Please print the entries below exactly, from the line with "Parapluie de paille" through the line with "en sus manos", including both of those lines and leaving out all others.

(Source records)
+++++
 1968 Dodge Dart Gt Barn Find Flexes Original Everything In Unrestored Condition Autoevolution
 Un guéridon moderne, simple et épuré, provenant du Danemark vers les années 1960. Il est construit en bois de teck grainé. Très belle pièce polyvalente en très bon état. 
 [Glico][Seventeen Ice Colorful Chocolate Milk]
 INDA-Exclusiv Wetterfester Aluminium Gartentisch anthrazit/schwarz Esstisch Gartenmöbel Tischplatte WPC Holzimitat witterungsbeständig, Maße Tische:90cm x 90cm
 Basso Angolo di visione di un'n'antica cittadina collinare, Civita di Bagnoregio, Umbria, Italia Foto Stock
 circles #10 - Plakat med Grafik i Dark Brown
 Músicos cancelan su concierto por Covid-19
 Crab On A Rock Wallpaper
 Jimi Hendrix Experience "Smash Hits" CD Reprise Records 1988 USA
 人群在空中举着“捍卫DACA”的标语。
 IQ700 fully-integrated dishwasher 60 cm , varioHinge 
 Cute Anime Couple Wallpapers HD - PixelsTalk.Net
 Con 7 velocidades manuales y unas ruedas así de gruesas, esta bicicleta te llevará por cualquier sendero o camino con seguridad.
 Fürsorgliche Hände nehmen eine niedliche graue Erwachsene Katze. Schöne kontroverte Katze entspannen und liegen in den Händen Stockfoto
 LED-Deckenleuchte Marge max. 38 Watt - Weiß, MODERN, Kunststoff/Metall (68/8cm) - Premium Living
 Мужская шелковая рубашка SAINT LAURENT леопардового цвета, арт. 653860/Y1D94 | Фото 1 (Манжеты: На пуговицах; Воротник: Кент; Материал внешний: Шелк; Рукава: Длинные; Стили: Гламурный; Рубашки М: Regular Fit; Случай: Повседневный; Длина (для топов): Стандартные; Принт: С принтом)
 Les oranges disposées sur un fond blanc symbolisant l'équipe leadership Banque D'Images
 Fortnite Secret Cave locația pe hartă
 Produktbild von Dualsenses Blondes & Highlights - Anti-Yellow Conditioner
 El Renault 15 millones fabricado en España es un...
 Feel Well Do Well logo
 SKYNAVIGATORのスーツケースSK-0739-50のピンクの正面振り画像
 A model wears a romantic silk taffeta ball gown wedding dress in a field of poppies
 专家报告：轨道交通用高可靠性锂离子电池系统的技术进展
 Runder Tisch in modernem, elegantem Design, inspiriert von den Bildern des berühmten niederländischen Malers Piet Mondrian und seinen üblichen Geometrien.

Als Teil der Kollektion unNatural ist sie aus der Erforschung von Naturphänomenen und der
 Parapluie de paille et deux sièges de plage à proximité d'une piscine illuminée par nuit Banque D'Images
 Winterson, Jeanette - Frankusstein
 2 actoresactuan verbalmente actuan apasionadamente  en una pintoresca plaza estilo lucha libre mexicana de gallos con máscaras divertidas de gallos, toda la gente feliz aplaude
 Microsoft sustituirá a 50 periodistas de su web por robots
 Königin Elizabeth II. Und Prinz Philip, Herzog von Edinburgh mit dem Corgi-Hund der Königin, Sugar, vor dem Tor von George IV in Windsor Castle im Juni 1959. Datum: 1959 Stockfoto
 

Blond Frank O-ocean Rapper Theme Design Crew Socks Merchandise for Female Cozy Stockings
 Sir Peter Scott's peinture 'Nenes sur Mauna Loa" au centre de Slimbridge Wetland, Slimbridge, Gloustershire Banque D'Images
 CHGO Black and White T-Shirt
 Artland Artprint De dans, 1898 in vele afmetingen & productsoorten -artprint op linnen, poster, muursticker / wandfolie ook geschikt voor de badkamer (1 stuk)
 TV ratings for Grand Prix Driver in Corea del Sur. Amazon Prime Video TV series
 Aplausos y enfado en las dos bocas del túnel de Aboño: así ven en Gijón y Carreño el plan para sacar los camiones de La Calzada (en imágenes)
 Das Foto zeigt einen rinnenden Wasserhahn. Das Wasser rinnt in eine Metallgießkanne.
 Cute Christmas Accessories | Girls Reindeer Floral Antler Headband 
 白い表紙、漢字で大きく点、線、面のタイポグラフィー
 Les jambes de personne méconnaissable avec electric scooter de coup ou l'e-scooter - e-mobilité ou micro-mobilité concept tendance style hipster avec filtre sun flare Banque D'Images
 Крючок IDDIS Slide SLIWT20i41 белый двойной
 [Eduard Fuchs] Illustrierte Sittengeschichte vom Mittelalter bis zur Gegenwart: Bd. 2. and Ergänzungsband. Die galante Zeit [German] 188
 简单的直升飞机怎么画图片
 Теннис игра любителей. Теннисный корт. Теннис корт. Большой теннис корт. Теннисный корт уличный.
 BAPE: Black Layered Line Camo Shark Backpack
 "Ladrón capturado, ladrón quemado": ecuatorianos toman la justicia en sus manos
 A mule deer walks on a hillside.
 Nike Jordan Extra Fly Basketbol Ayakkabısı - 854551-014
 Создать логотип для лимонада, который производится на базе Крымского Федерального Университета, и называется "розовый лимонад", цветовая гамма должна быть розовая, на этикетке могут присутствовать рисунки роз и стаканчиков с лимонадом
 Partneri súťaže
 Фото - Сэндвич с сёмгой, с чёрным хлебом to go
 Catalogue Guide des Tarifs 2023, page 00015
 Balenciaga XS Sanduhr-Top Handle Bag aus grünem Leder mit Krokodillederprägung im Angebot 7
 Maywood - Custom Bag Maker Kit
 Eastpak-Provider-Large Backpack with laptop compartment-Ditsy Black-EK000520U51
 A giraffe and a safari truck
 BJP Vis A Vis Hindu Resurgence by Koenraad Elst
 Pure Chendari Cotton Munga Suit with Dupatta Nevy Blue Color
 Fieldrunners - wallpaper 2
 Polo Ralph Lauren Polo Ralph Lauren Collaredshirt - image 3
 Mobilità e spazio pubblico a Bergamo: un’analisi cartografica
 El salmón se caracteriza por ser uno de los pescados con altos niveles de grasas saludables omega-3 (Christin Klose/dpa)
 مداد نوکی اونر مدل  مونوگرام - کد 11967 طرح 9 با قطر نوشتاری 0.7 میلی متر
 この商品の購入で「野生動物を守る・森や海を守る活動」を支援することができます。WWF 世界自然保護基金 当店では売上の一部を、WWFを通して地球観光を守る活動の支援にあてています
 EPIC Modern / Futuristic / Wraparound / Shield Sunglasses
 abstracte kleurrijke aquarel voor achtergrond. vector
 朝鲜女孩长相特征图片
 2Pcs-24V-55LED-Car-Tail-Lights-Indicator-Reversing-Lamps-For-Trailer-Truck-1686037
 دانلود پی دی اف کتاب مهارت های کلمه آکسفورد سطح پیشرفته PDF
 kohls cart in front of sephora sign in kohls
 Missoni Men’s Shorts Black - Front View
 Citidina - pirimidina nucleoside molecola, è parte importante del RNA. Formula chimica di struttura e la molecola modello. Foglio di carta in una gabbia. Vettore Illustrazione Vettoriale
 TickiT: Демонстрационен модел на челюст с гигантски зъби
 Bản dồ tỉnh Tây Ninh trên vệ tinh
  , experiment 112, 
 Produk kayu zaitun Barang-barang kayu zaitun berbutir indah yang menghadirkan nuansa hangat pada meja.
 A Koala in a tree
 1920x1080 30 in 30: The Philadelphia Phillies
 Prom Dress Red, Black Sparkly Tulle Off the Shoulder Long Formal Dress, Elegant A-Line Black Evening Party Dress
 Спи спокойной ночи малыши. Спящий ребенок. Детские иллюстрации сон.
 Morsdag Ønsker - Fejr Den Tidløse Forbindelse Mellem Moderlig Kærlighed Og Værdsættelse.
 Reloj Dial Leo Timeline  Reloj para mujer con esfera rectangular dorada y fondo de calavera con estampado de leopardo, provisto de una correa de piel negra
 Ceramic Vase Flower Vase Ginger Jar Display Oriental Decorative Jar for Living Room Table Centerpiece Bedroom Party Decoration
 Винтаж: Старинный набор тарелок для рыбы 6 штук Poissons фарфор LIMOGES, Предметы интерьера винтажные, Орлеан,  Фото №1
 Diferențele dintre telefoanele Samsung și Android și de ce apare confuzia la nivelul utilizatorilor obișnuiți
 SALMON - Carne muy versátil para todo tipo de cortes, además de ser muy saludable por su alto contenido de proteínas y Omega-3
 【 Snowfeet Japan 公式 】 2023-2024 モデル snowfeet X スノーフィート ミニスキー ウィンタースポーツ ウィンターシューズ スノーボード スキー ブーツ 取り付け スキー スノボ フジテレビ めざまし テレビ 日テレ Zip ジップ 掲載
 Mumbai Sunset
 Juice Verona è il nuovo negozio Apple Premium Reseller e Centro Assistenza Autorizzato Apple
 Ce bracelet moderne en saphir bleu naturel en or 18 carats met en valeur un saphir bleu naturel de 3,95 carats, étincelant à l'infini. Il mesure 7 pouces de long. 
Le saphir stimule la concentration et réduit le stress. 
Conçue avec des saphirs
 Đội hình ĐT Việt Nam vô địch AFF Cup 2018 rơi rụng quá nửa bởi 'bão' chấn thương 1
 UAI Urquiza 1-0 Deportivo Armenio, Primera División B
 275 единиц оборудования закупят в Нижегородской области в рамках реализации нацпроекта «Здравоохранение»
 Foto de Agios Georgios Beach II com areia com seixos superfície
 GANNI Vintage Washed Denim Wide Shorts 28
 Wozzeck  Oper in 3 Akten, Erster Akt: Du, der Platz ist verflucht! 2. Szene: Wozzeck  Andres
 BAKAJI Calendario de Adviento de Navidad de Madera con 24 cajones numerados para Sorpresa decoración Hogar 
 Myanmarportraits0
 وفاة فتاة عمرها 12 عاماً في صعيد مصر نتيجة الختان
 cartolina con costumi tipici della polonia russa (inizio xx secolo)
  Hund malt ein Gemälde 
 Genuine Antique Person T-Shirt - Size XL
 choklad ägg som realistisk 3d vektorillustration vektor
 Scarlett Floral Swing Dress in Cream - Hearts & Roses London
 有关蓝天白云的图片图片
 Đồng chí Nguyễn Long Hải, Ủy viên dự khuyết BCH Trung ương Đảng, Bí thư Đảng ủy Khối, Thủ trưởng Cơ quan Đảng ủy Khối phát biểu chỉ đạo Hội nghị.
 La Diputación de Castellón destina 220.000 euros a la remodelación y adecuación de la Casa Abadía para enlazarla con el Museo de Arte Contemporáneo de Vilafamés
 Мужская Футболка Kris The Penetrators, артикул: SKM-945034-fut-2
+++++
WRITTEN ANSWER:
 Parapluie de paille et deux sièges de plage à proximité d'une piscine illuminée par nuit Banque D'Images
 Winterson, Jeanette - Frankusstein
 2 actoresactuan verbalmente actuan apasionadamente  en una pintoresca plaza estilo lucha libre mexicana de gallos con máscaras divertidas de gallos, toda la gente feliz aplaude
 Microsoft sustituirá a 50 periodistas de su web por robots
 Königin Elizabeth II. Und Prinz Philip, Herzog von Edinburgh mit dem Corgi-Hund der Königin, Sugar, vor dem Tor von George IV in Windsor Castle im Juni 1959. Datum: 1959 Stockfoto
 

Blond Frank O-ocean Rapper Theme Design Crew Socks Merchandise for Female Cozy Stockings
 Sir Peter Scott's peinture 'Nenes sur Mauna Loa" au centre de Slimbridge Wetland, Slimbridge, Gloustershire Banque D'Images
 CHGO Black and White T-Shirt
 Artland Artprint De dans, 1898 in vele afmetingen & productsoorten -artprint op linnen, poster, muursticker / wandfolie ook geschikt voor de badkamer (1 stuk)
 TV ratings for Grand Prix Driver in Corea del Sur. Amazon Prime Video TV series
 Aplausos y enfado en las dos bocas del túnel de Aboño: así ven en Gijón y Carreño el plan para sacar los camiones de La Calzada (en imágenes)
 Das Foto zeigt einen rinnenden Wasserhahn. Das Wasser rinnt in eine Metallgießkanne.
 Cute Christmas Accessories | Girls Reindeer Floral Antler Headband 
 白い表紙、漢字で大きく点、線、面のタイポグラフィー
 Les jambes de personne méconnaissable avec electric scooter de coup ou l'e-scooter - e-mobilité ou micro-mobilité concept tendance style hipster avec filtre sun flare Banque D'Images
 Крючок IDDIS Slide SLIWT20i41 белый двойной
 [Eduard Fuchs] Illustrierte Sittengeschichte vom Mittelalter bis zur Gegenwart: Bd. 2. and Ergänzungsband. Die galante Zeit [German] 188
 简单的直升飞机怎么画图片
 Теннис игра любителей. Теннисный корт. Теннис корт. Большой теннис корт. Теннисный корт уличный.
 BAPE: Black Layered Line Camo Shark Backpack
 "Ladrón capturado, ladrón quemado": ecuatorianos toman la justicia en sus manos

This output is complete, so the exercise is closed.